Problem is the Unique Id that are assigned to every expression.
def apply(dataFrame: DataFrame, selectExpressions: java.util.List[String]): RDD[InternalRow] = {

val schema = dataFrame.schema

val exprArray = selectExpressions.map(s =>
Column(SqlParser.parseExpression(s)).named
)
val projectLogicalPlan = Project(exprArray, dataFrame.logicalPlan)
val analyzedLogicalPlan = ContextWrapper.getSqlContext.analyzer.execute(projectLogicalPlan)

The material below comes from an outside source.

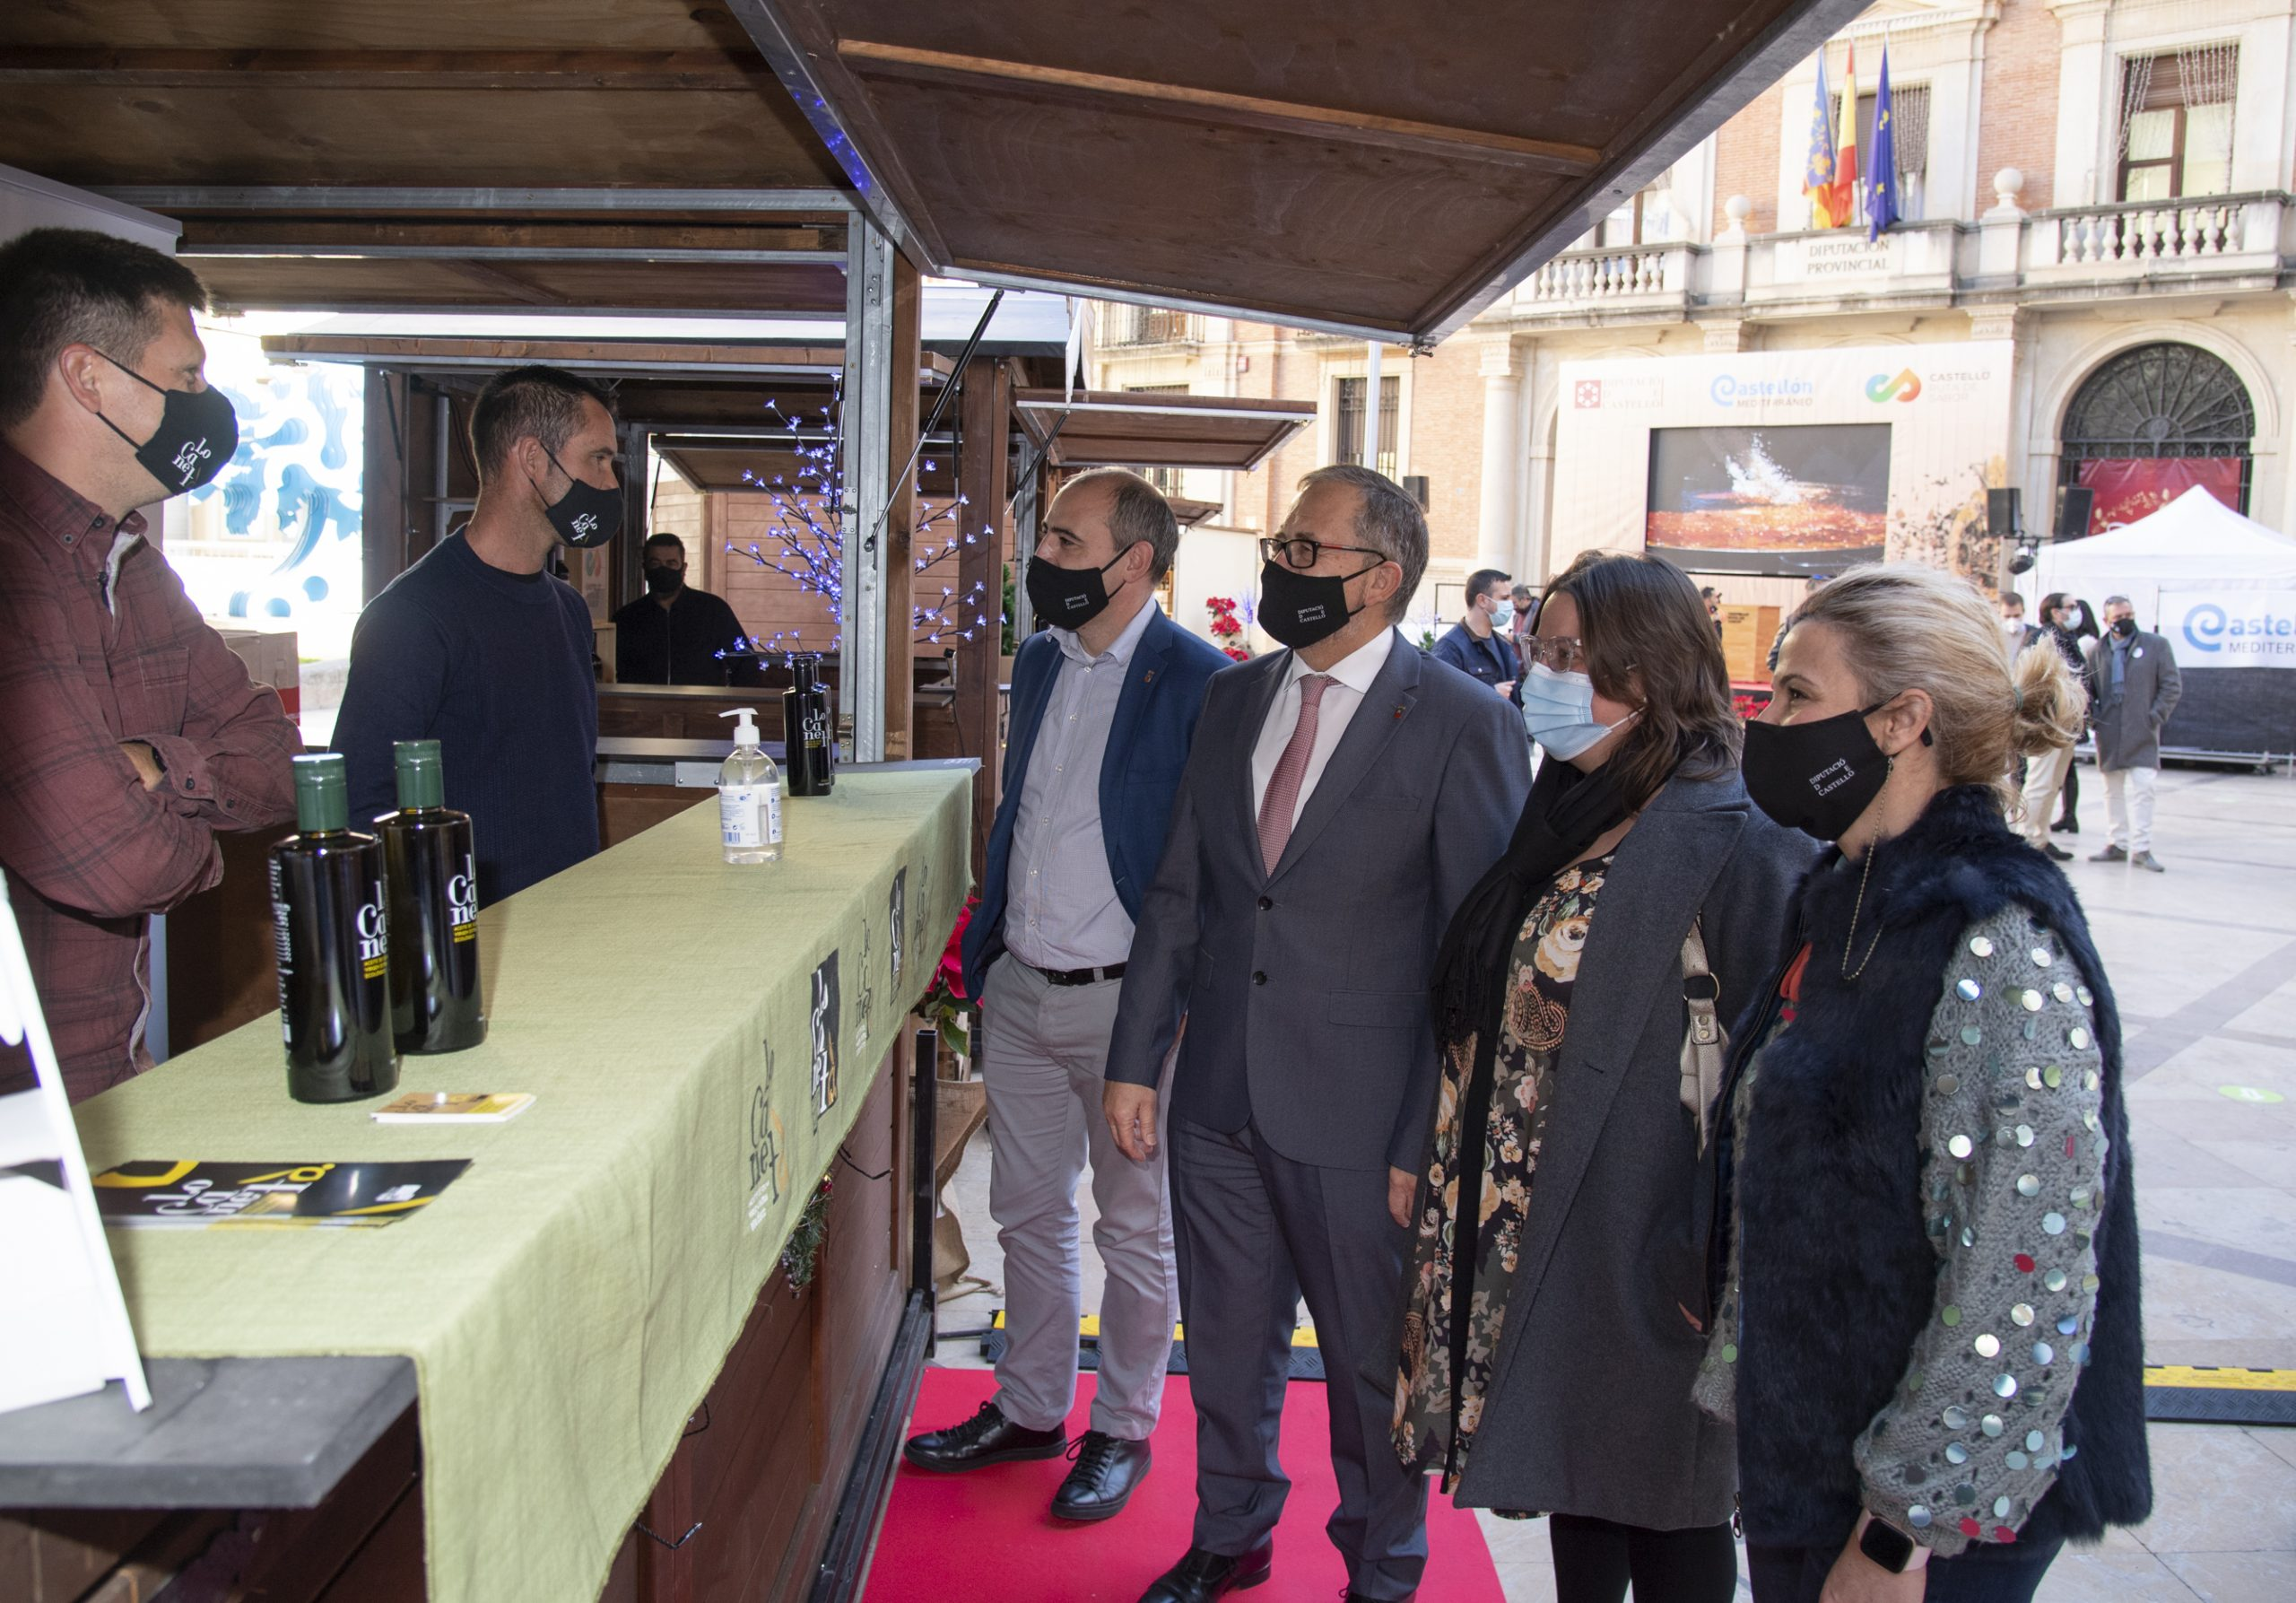 La Diputación de Castellón trabaja en la redefinición de 'Castelló Ruta de Sabor' como reclamo turístico gastronómico nacional e internacional

  val transformedRDD = dataFrame.mapPartitions(
iter => {
val project = UnsafeProjection.create(analyzedLogicalPlan.expressions, schema.toAttributes,
subexpressionEliminationEnabled = false)
iter.map { row =>
val irow = InternalRow.fromSeq(row.toSeq)
project(irow)
}
})
   transformedRDD



The error I get is when creating UnsafeProjection.
It seems that the Unique Id assigned to each column is different in case of analyzedLogicalPlan.expressions and schema.toAttributes.

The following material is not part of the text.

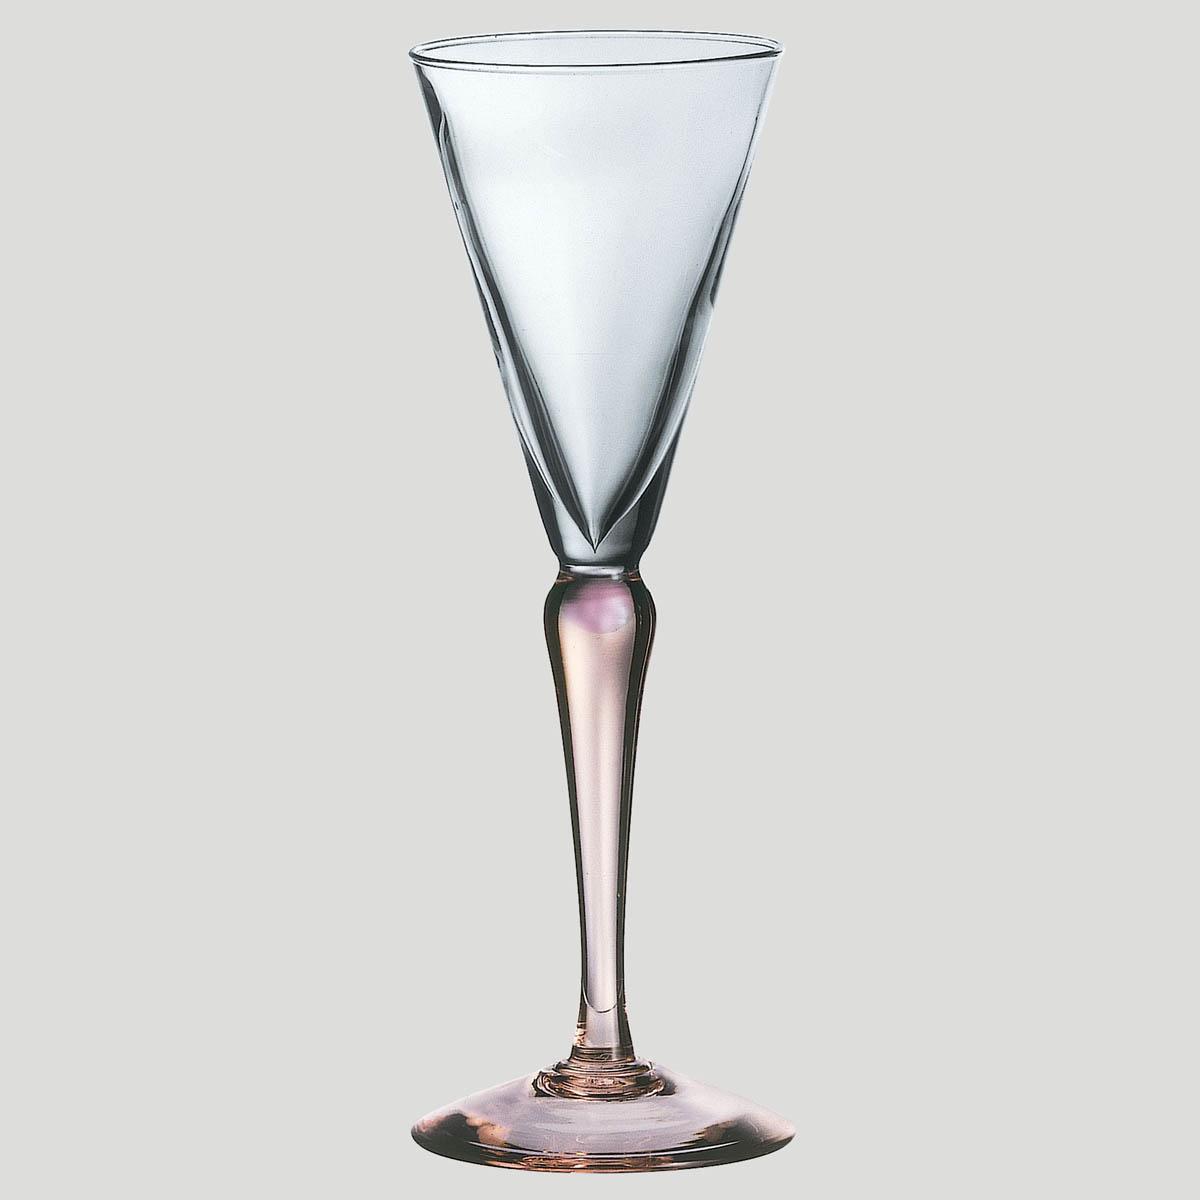 Super Edelweiss - Coppe per gelato in vetro - Gardagel

This runs into an error when binding the columns.


org.apache.spark.sql.catalyst.errors.package$TreeNodeException: Binding attribute, tree: EMP_NUM#3
        at org.apache.spark.sql.catalyst.errors.package$.attachTree(package.scala:49)
        at org.apache.spark.sql.catalyst.expressions.BindReferences$$anonfun$bindReference$1.applyOrElse(BoundAttribute.scala:86)

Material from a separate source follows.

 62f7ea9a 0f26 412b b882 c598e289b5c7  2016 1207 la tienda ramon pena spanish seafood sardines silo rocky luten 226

        at org.apache.spark.sql.catalyst.expressions.BindReferences$$anonfun$bindReference$1.applyOrElse(BoundAttribute.scala:85)
        at org.apache.spark.sql.catalyst.trees.TreeNode$$anonfun$3.apply(TreeNode.scala:259)
        at org.apache.spark.sql.catalyst.trees.TreeNode$$anonfun$3.apply(TreeNode.scala:259)
        at org.apache.spark.sql.catalyst.trees.CurrentOrigin$.withOrigin(TreeNode.scala:69)
        at org.apache.spark.sql.catalyst.trees.TreeNode.transformDown(TreeNode.scala:258)
        at org.apache.spark.sql.catalyst.trees.TreeNode$$anonfun$transformDown$1.apply(TreeNode.scala:264)
        at org.apache.spark.sql.catalyst.trees.TreeNode$$anonfun$transformDown$1.apply(TreeNode.scala:264)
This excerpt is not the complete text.